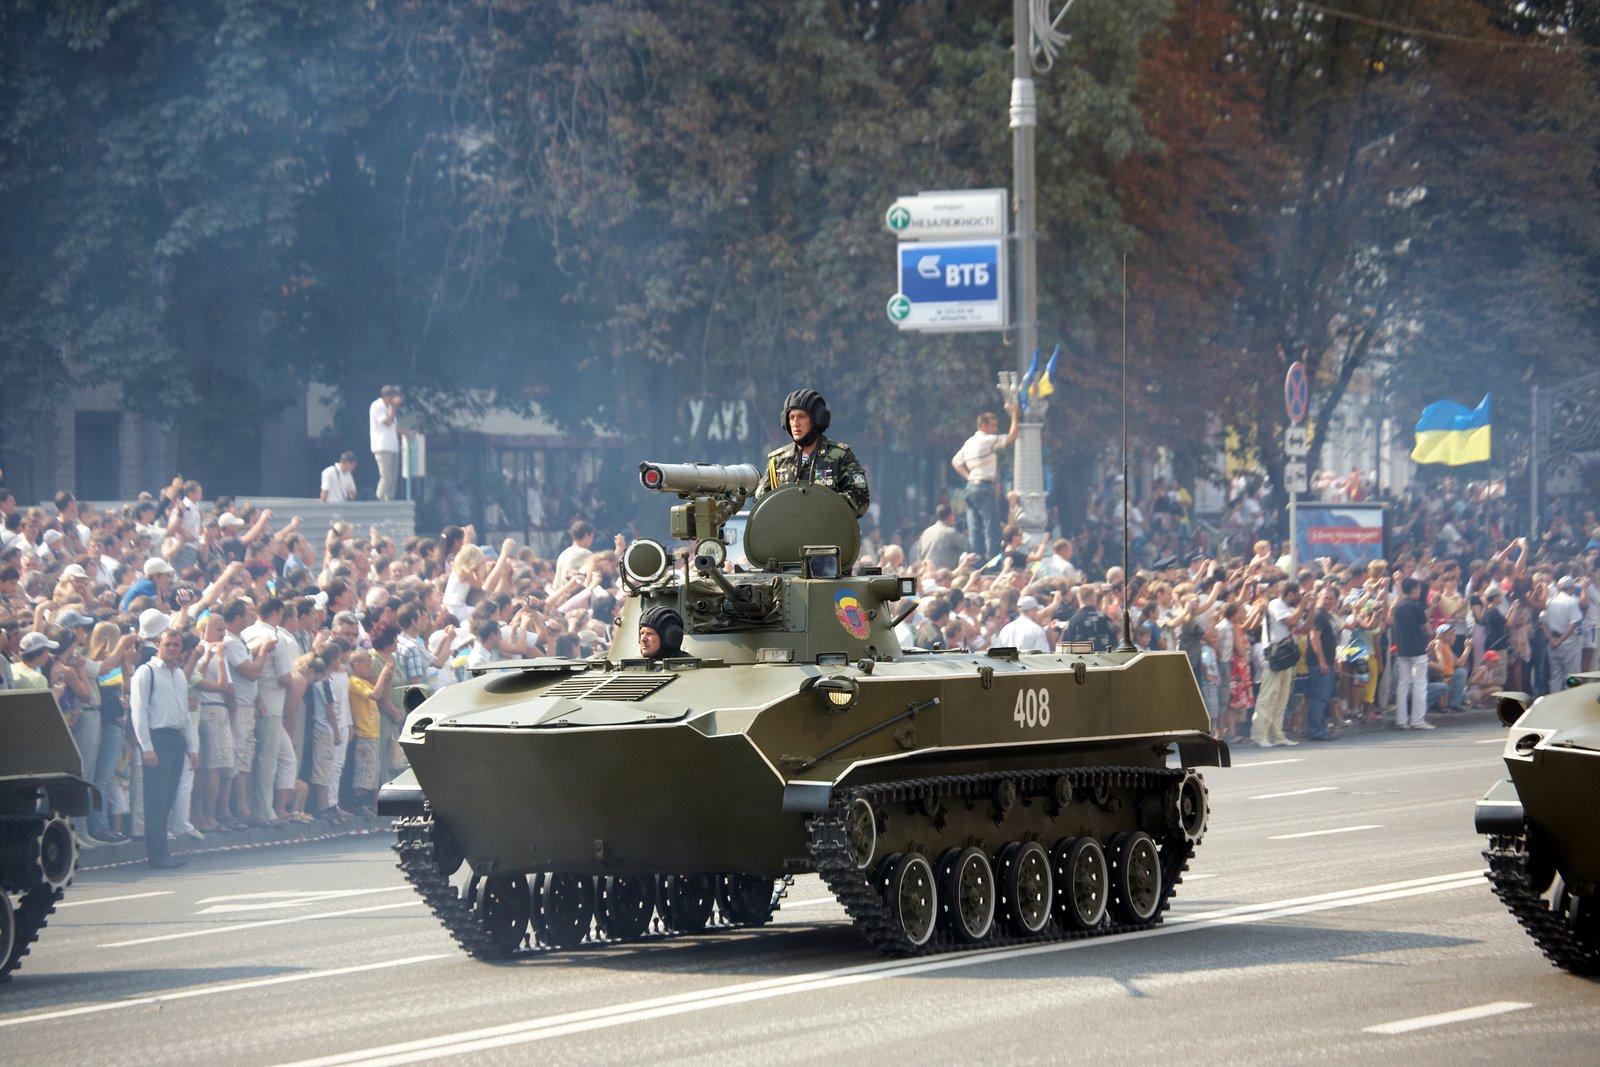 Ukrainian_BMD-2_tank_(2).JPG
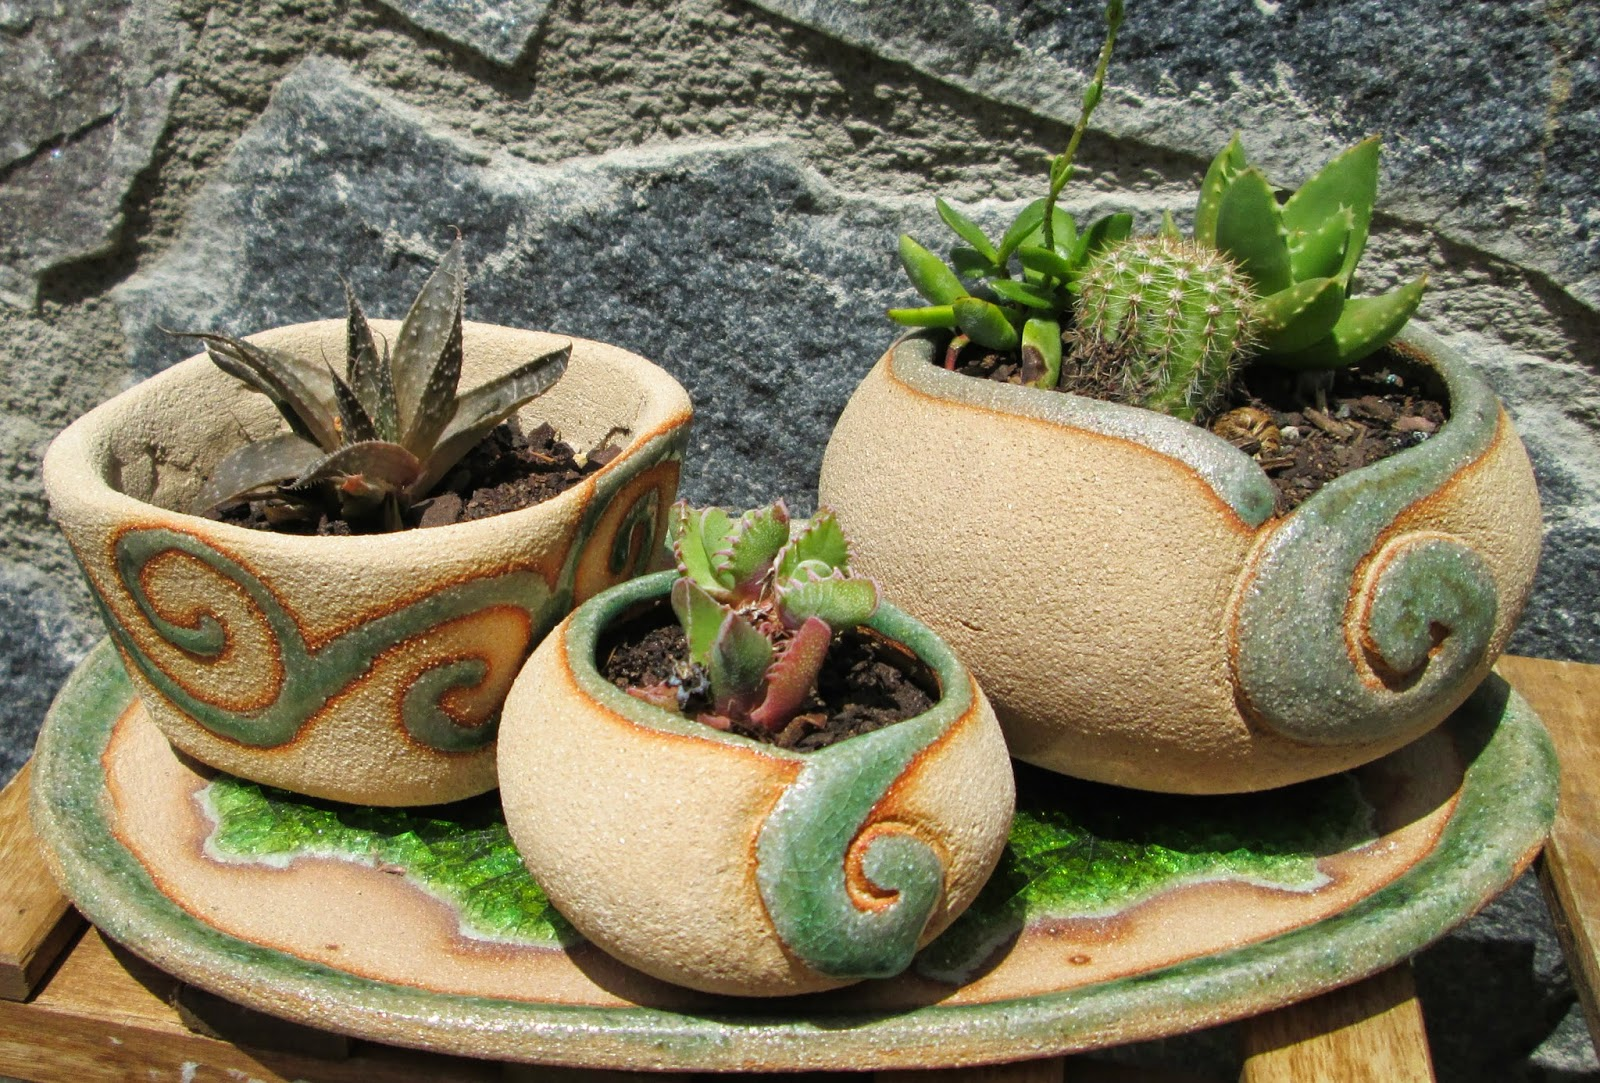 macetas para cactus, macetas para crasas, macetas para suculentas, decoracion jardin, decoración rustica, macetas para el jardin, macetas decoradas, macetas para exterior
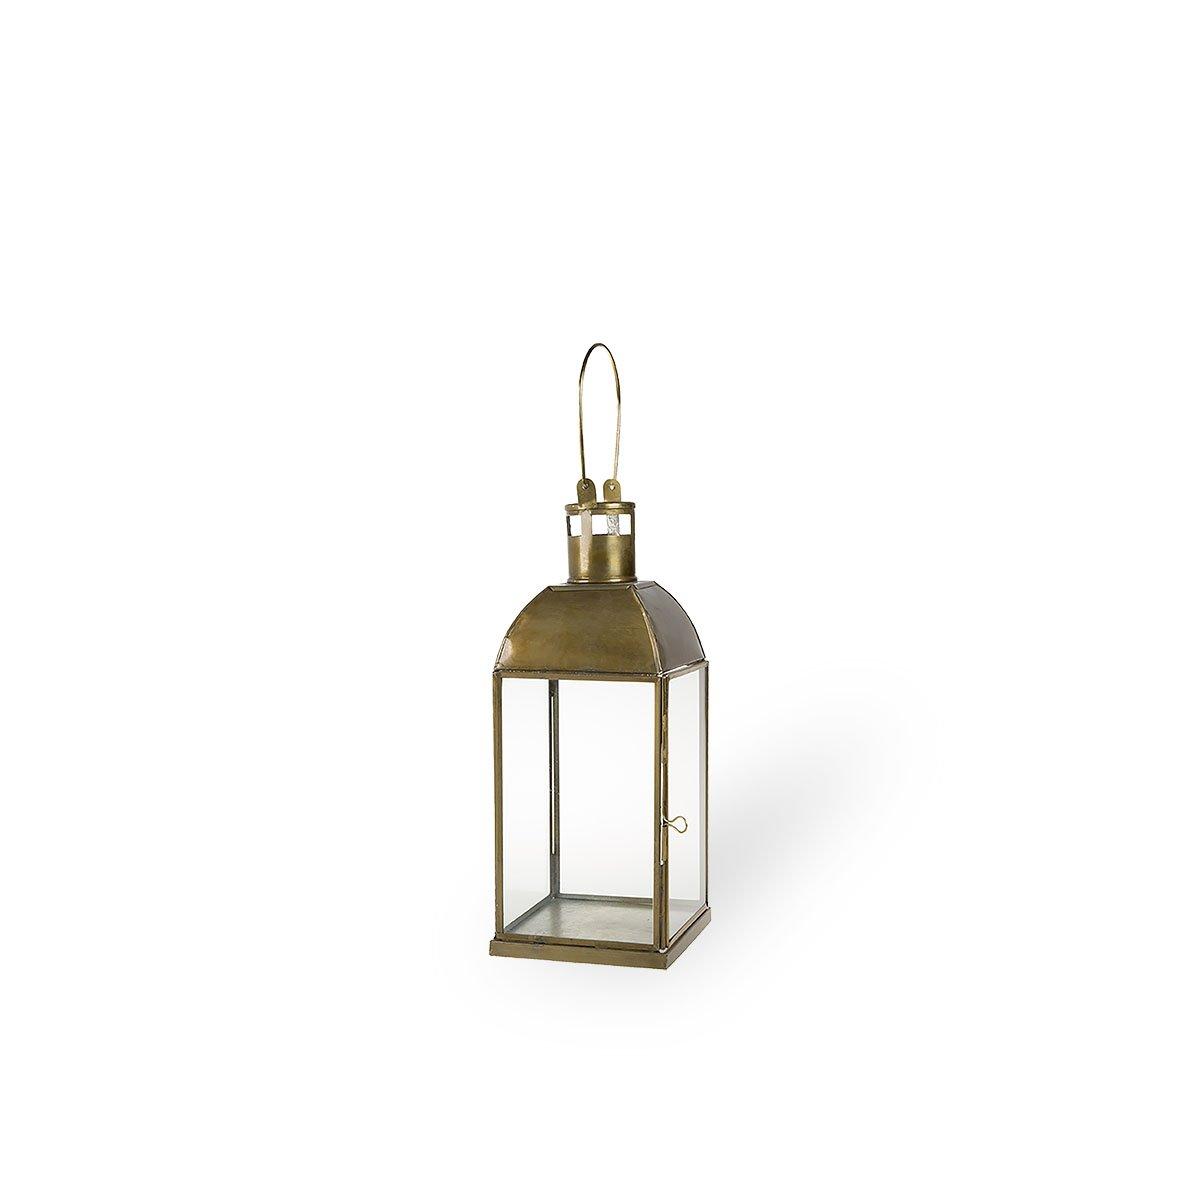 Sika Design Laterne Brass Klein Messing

* * * * * * * * *

**PROBLEM DETAILS:** The material above is to be set down exactly, with pictures removed.

**WORKED SOLUTION:**
 Ukrainian_BMD-2_tank_(2).JPG
 macetas para cactus, macetas para crasas, macetas para suculentas, decoracion jardin, decoración rustica, macetas para el jardin, macetas decoradas, macetas para exterior
 Sika Design Laterne Brass Klein Messing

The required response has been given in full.